Impact of sub-caste-based informal insurance on take-up: Pre-existing risk sharing networks often provided coverage against household-specific losses (theft, death in family, crop loss) and sometimes even against aggregate rainfall shocks if other caste members were engaged in non-agricultural occupations or living farther away. This study found that members of castes that are good at providing support in times of aggregate shocks were less likely to purchase the monsoon insurance contract. On the other hand, members of sub-castes that are better at providing coverage against household-specific risks were more likely to purchase the monsoon insurance when the contract was associated with greater basis risk. Such informal networks can cover losses when the index contract fails to due to basis risk, which is why sub-caste based risk sharing complemented the demand for formal index insurance. Yet, when weather stations were nearby and basis risk was therefore limited, coverage of household-specific losses by the network had no impact on demand for index insurance.

Risk taking: Availability of formal insurance increased risk-taking among farmers.

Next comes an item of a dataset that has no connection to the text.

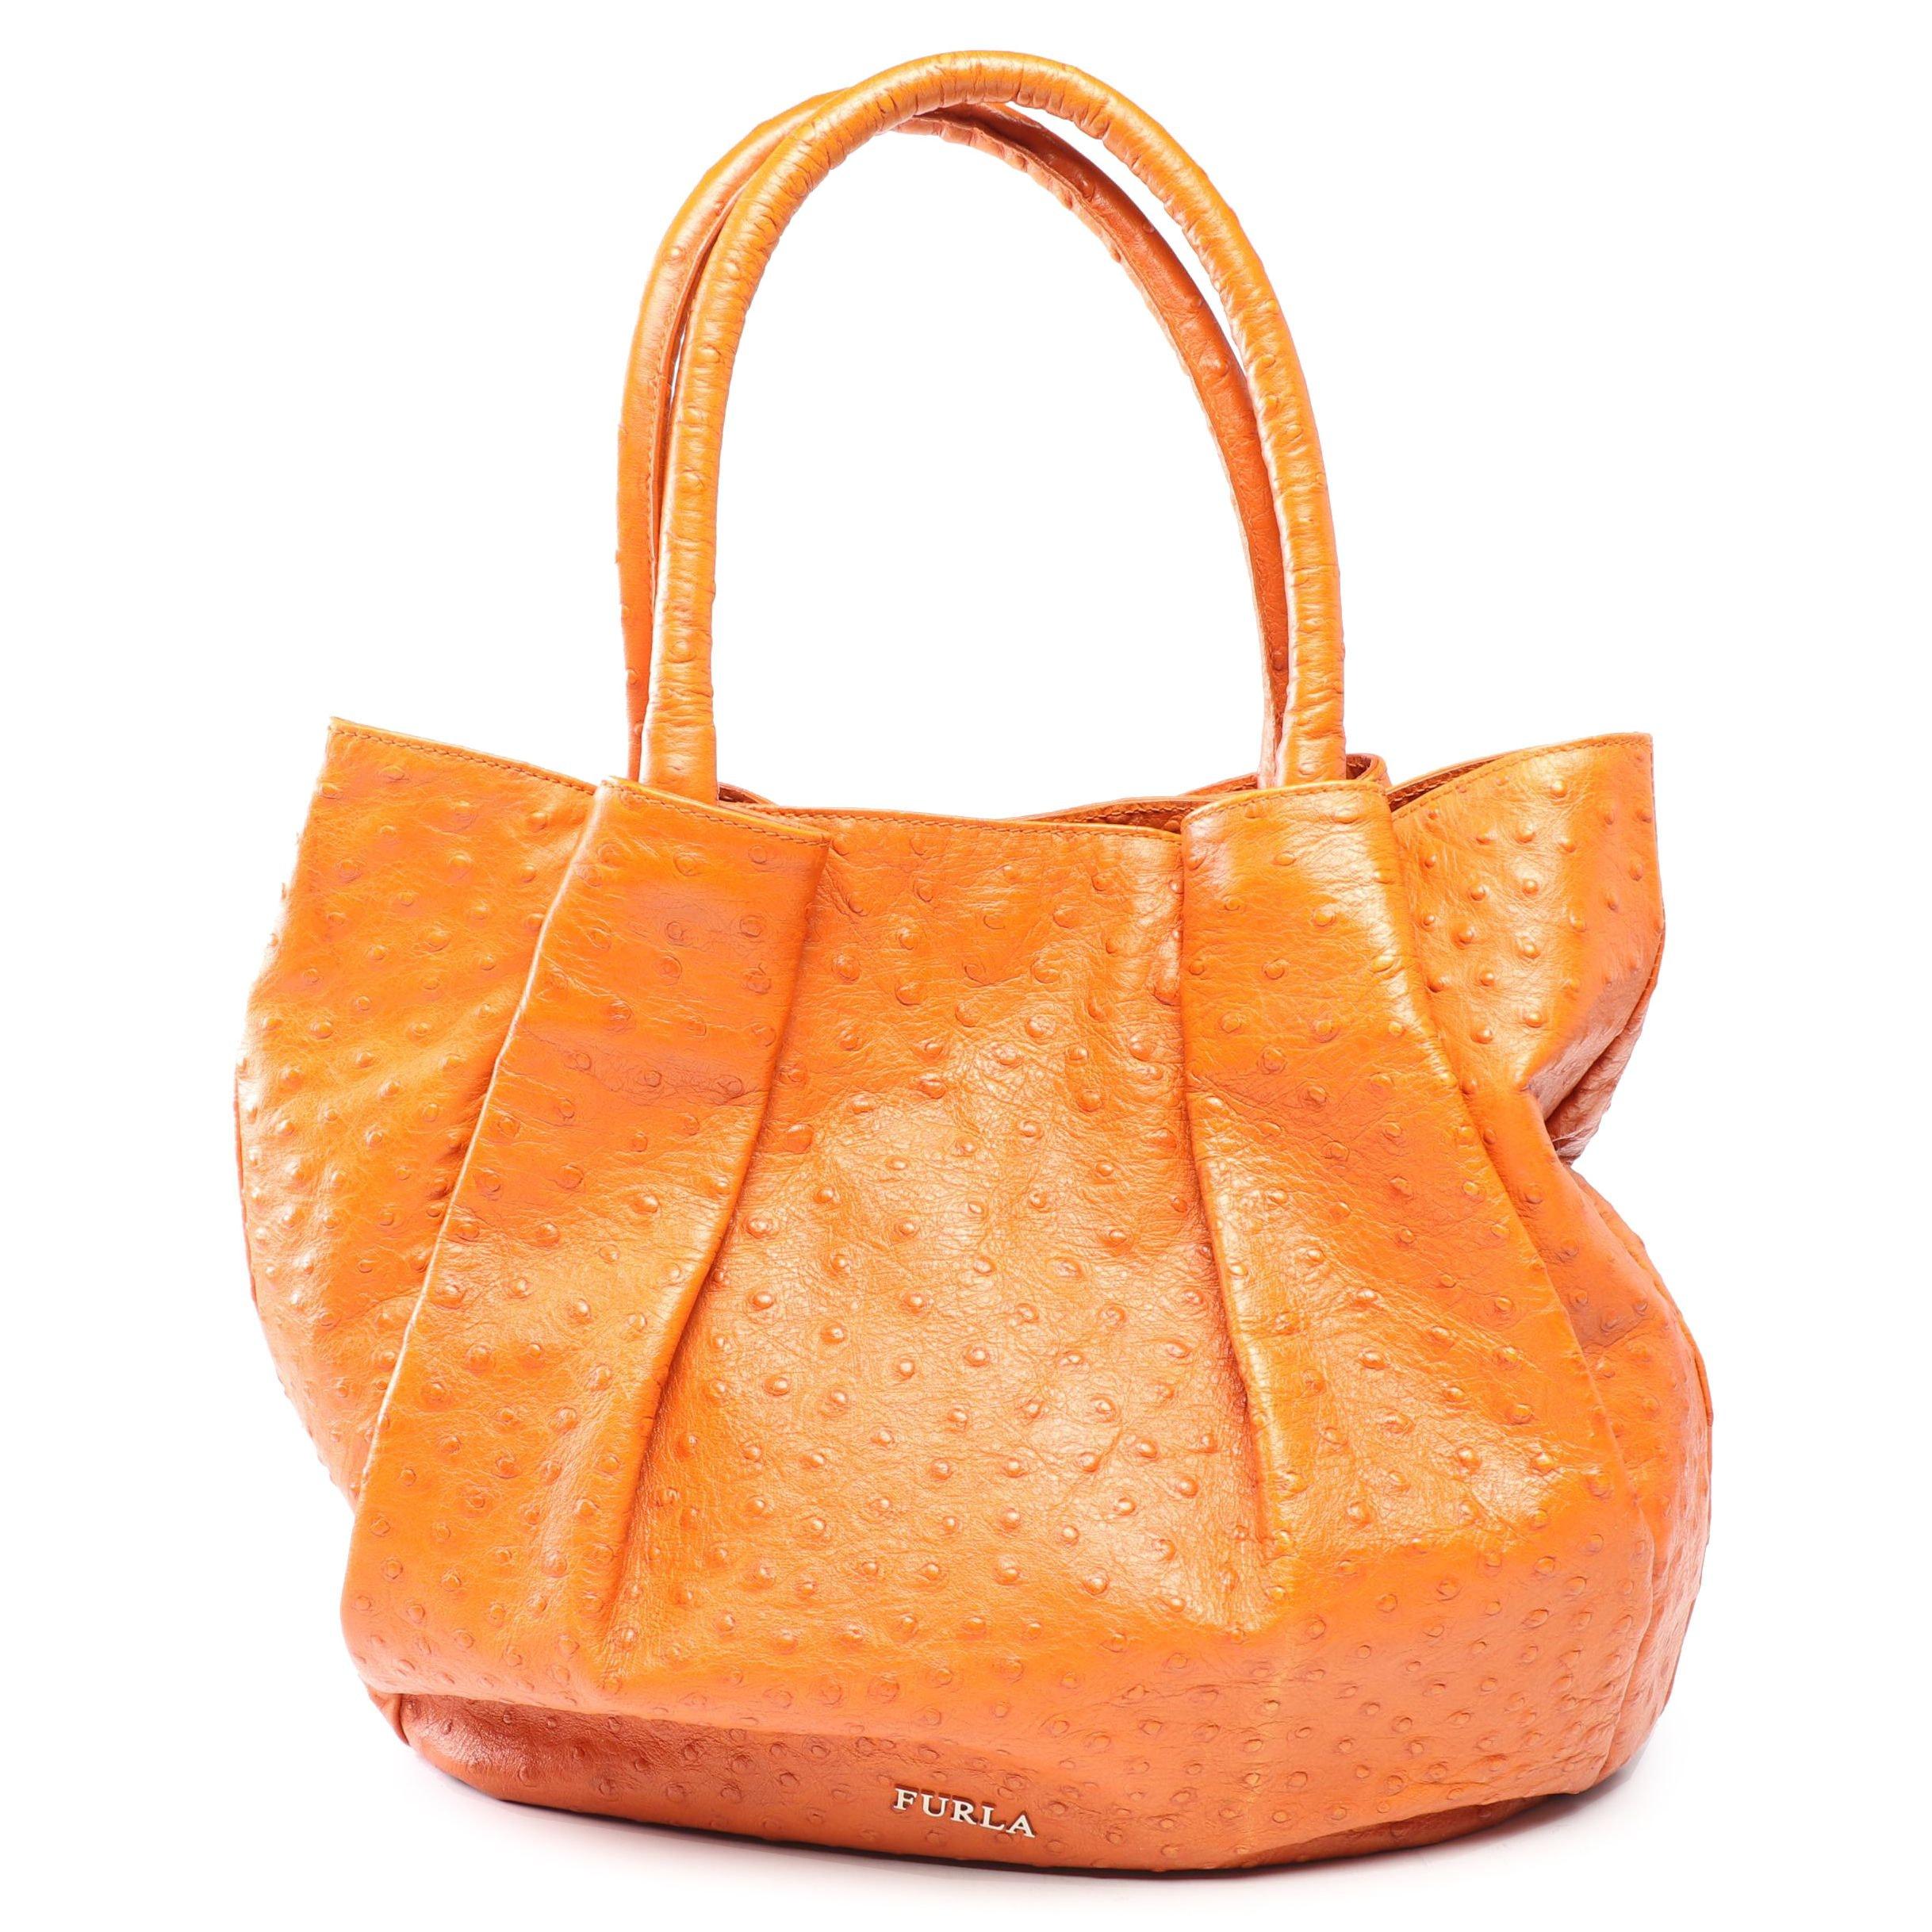 Furla Ostrich Embossed Orange Leather Handbag, Made in Italy

In particular, rice farmers who were offered the rainfall insurance product were more likely to plant a higher-risk, higher-return portfolio of rice varieties that was significantly higher-yield, and they shift away from crop varieties that were considered “safe” in terms of drought resistance. This suggests that index insurance could increase average incomes by removing the barriers farmers face in planting more profitable crops. However, as insurance is generally sold to landowners, landless agricultural laborers may not receive the same benefits: researchers ran a simulation that showed that agricultural wages become more sensitive to rainfall and that the landless are worse off, compared to a scenario with no insurance, when insurance is sold only to landowners.

Mobarak, Ahmed Mushfiq, and Mark R. Rosenzweig. 2013. "Informal Risk Sharing, Index Insurance, and Risk Taking in Developing Countries." American Economic Review 103(3): 375-80. Mobarak, Ahmed Mushfiq, and Mark Rosenzweig. "Risk, Insurance and Wages in General Equilibrium." NBER Working Paper 19811, January 2014.
1.
Prices have been converted to USD using the World Bank’s standard exchange rate from the year of the intervention and then inflated to 2014 USD.